¿Te atreves a pensar diferente?

“El problema del mundo es que los tontos están seguros de todo, mientras que los inteligentes están llenos de dudas”. Bertrand Russell

Pensar diferenteMuchas teorías, creencias y mitos que se creían verdades absolutas fueron desvirtuadas por la realidad. Fue y es el producto de personas que se arriesgaron a pensar diferente. Personas dispuestas a ser criticadas, vituperadas, a estar en el escarnio público. Incluso a perder su dignidad y hasta la vida en defensa de algo. Veamos algunos ejemplos.

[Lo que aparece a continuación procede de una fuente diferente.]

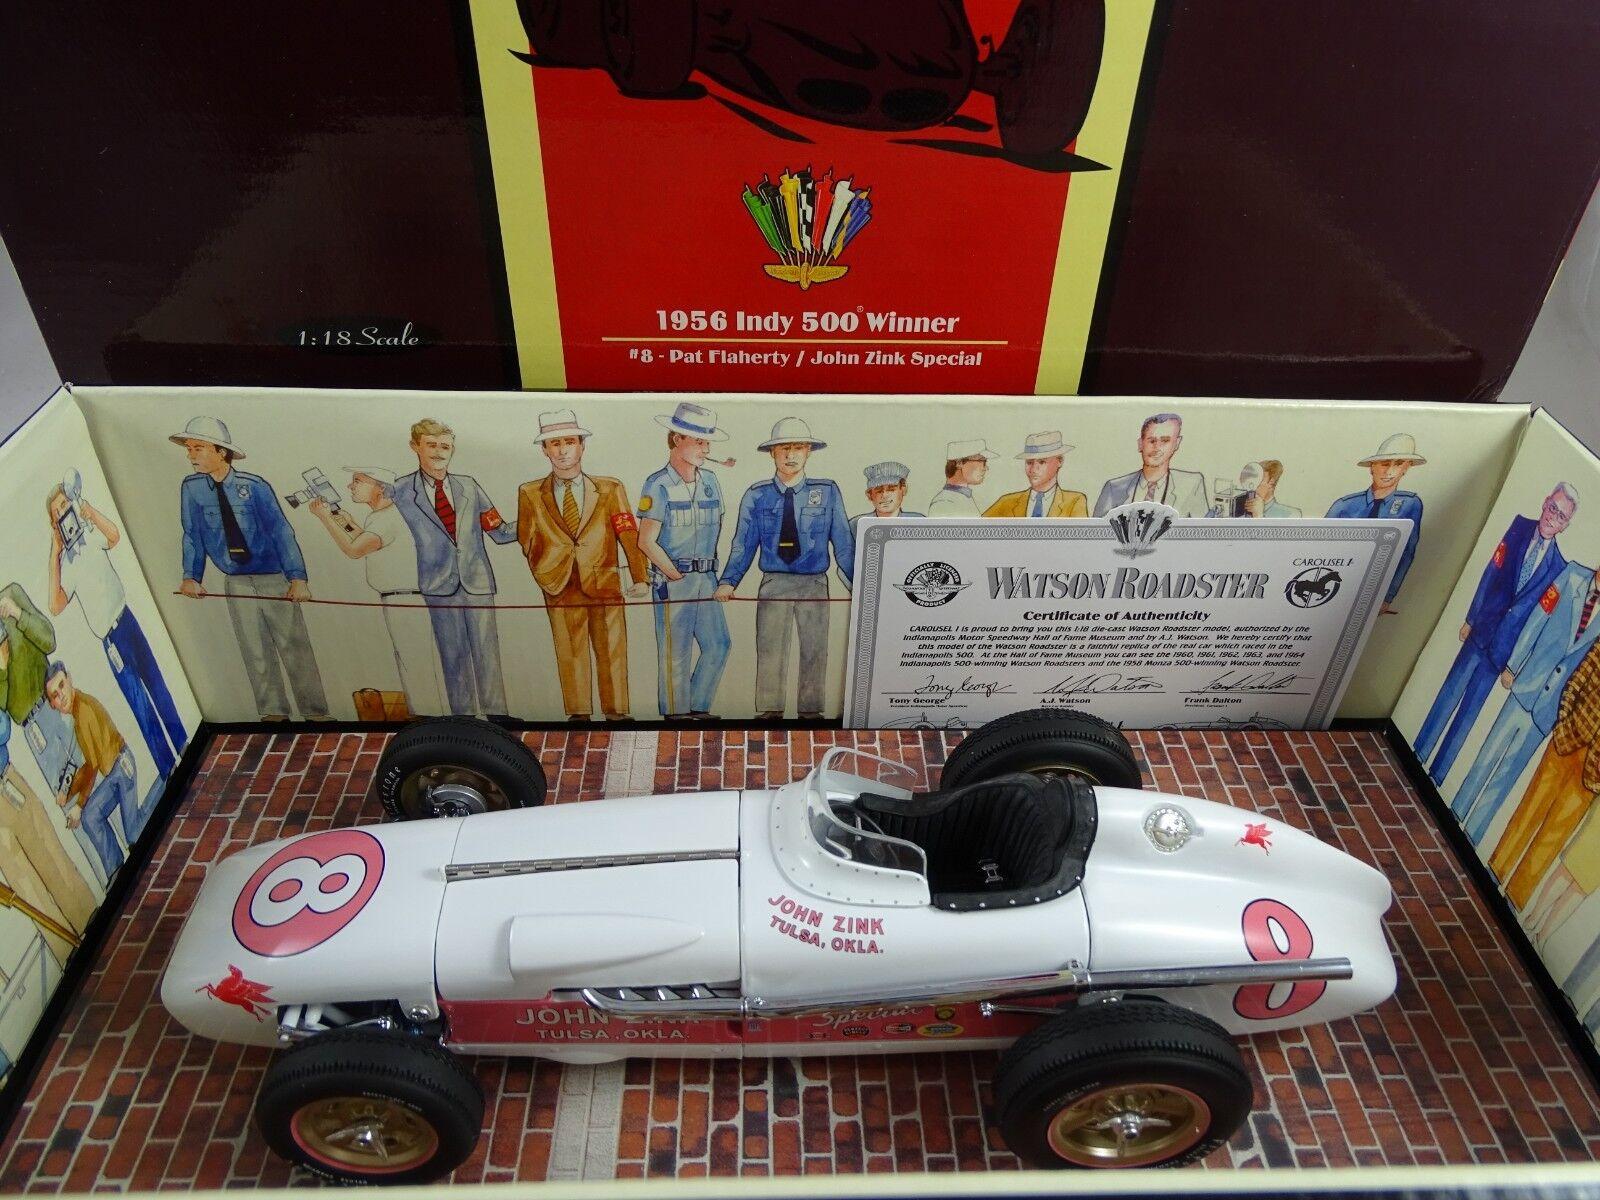 1 18 Carousel  4409 Watson Roadster 1956 Indy 500 Winner  8 Rarität §    Konzentrieren Sie sich auf das Babyleben

Aristóteles aseguraba que dos cuerpos caían a diferente velocidad, siendo más rápidos los más pesados. Este postulado dura varios siglos. Aparece Galileo y realiza el experimento en la Torre de Pisa, arrojando dos objetos que caen al mismo tiempo. Se creía que la tierra era plana y Colón rompió el mito. Igualmente, que la tierra era el centro del universo. Los estudios de Copérnico y otros científicos demostraron que no era cierto. Newton hablaba de la existencia de la gravedad, aparece Einstein y asevera que esta no existe, que se debe a la curvatura espacio-tiempo. Y hay muchos ejemplos más.

Recordemos una historia de desafío impresionante como la de Niels Bohr. Sería interesante que se aplicara en las escuelas, universidades, empresas. El reto: evaluar las múltiples respuestas para solucionar un problema. No solo la respuesta tradicional, la que se cree “obvia o lógica”. Puro pensamiento lateral. Desafiar lo convencional. Evitar esa solución “única” que quiere el profesor que respondan sus alumnos.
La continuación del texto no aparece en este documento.